In my case, they removed my hair and my skull, and repaired, after 22 hours of surgery, a tortuous tangle of blood cells, between the arteries and veins, which was determined to be a congenital (there since birth) and hereditary (my mom had one, too), AVM. I went out with this particular guy on and off, for about five years.

Unfortunately, part of my optic nerve was caught inside, so some of my sight was taken away as well. I dated other guys as well, always keeping my options open.

These love-seekers argued that “there’s something quite romantic about two people sitting in the backseat of a car,” and some developed habits of asking women co-passengers “Where are you headed? But please don’t comment on someone’s appearance or ask whether they are single…And don’t touch or flirt with other people in the car. That’s no sexual conduct between drivers and riders, no matter what.” Riders and drivers who violate this policy can be removed from the platform.

Uber has now cleared up where it stands on the issue.
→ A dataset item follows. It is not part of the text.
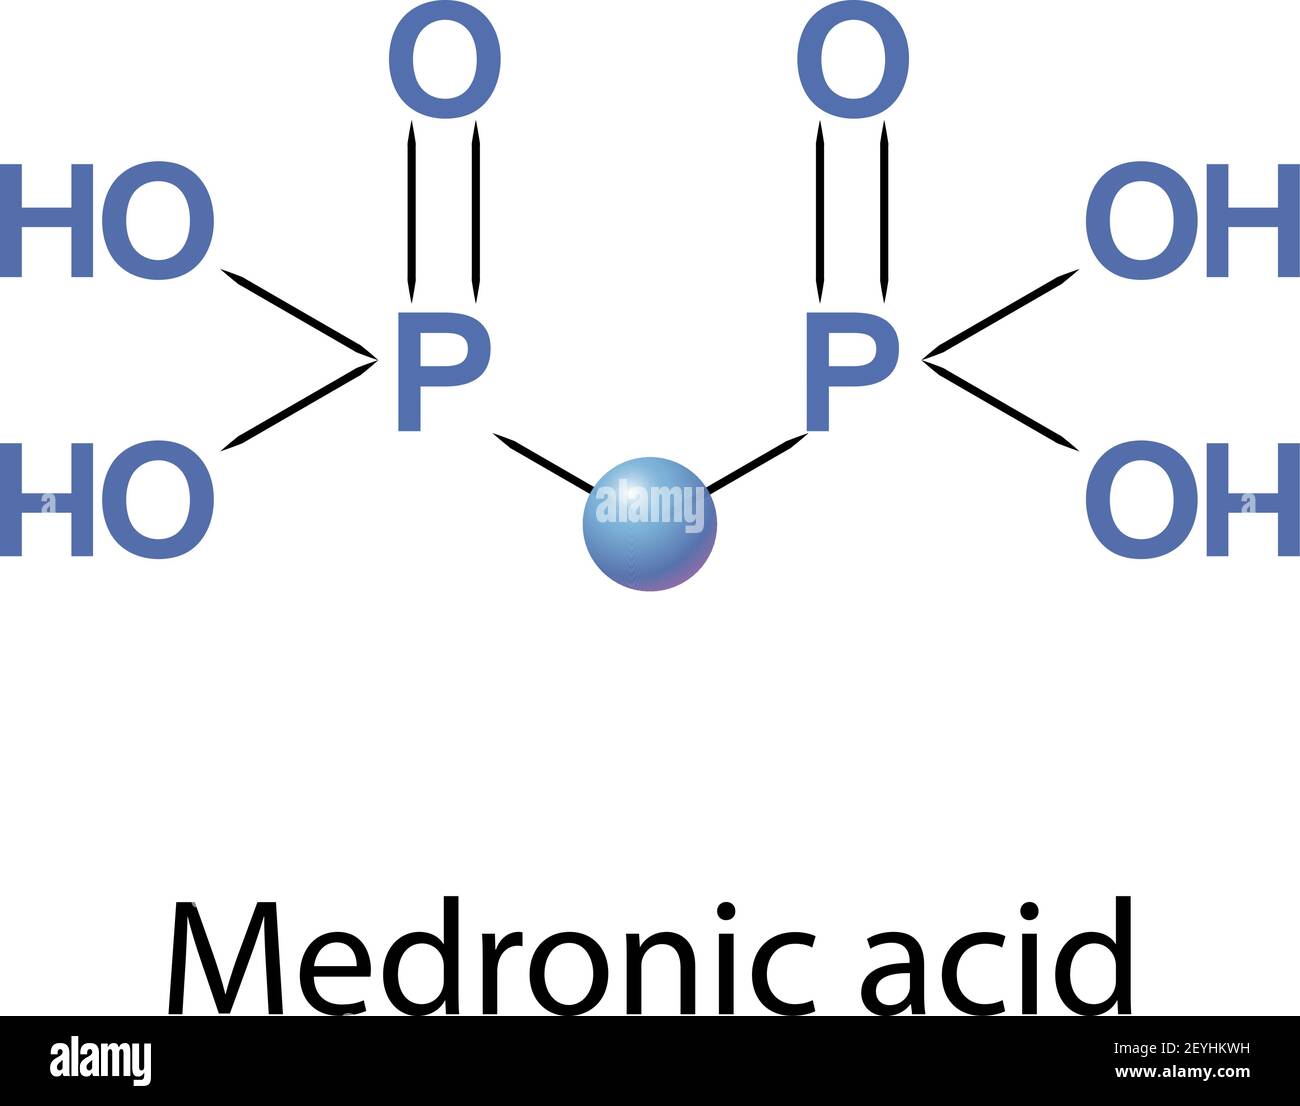 Medronic acid, methylene diphosphonate, is the smallest bisphosphonate. Stock Vector

At age 15, after a stint as a cheerleader, softball player, band member, and overall wannabe in the in-crowd, with locks of long, thick hair, my worst fear happened. Now, it wasn’t the brain surgery, or the possibility of death, since those fears were abstract concepts at that point.

It was the immediate, concrete knowledge of losing my hair.

This guy made me laugh, but he also clued me into his personality as well.